When analyzing the results of the models that implement feature selection, when generating models of 27 features, which result from the implementation of the Akaike criterion selection, the classification accuracy for the RF classifier rises to 95%, which means that this classifier benefited by applying feature selection, eliminating redundant data and other type of information that affected the classification, while for the k-NN classifier, the accuracy is maintained above 94%, reducing the amount of data used by 20%.

The classical methods of feature selection shown in the results, forward selection and backward elimination, present similar results when models with 30 features are generated, which reach accuracies greater than 88%. While reducing the number of features to 5, using the same methods, the accuracies are above 78%, which represents a considerable reduction in the accuracy of the classifiers, although with the benefit of the reduction in the amount of data used.

Therefore, the GA approach demonstrates an important feature reduction, only 14% of original features (5), reaching higher accuracy than the models created with more features (30 or 34) and almost the same of models with 27 features (Akaike criterion), which in terms of mobile devices means less processing power consumption needed with almost the same accuracy than much more complex models.

From GA behavior described in figure 1 to figure 15, there are several interesting points that must be mentioned:(i)Figures 1, 2 and 5, which correspond to the evolutionary process of k-NN, NC, and Rpart, present a particular behavior.
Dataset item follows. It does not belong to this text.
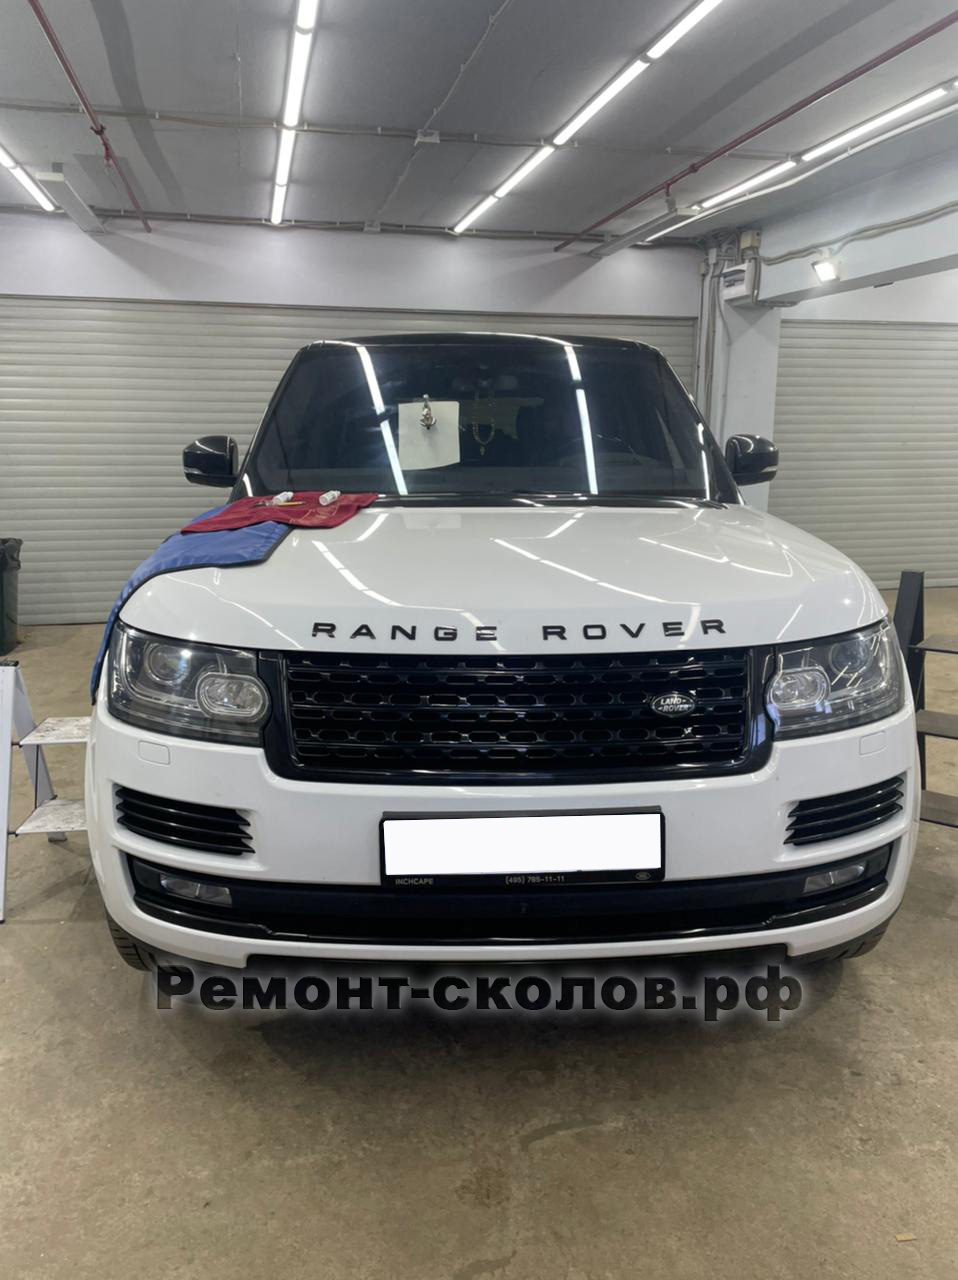 Range Rover ремонт лобового стекла в Москве

These low-computational cost algorithms in the mutation process include features that decrease the fitness of the model, and finally these features are excluded almost immediately from the selection.(ii)In Figures 7, 9 and 15, the comportment described above is remarked, almost equivalent frequency of the finally selected features for each of the algorithms.(iii)Otherwise, it is shown in Figures 3 and 4 that algorithms such as RF and ANN have a smooth evolutionary process, given the capabilities to find more complex relationship between features.

Hence, from the results obtained in Section 3, it can be concluded that the five-feature sets determined by the genetic algorithm used achieve similar accuracies to the models generated using the original set of features, but with the advantage that there is an 80% reduction in the dataset size, including all its implications, such as a faster data processing, which is very important when working with applications for mobile devices since its resources are limited.

5. Future Work

The present work allows us to demonstrate that it is possible to generate children activity classification models using environmental sound by applying feature selection through genetic algorithms, preserving accuracies greater than 81% and reducing the set of data used by 85%; however, some aspects can be worked on in the future. The proposed future work is as follows:(i)To work with a different set of features. To extract a larger feature set from the audio files to verify the behavior of the feature selection methods now analyzed with a different set of features and contrast the results with those obtained in this work to finally determine the subset of features that best describes the activities.(ii)To combine feature selection methods. Generate classification models using subsets of features resulting from the combination of the method proposed in the present work with the classical methods of feature selection such as forward selection and backward elimination.

Data Availability

Open data files are available at https://ingsoftware.reduaz.mx/amidami

Conflicts of Interest

The authors declare that they have no conflicts of interest.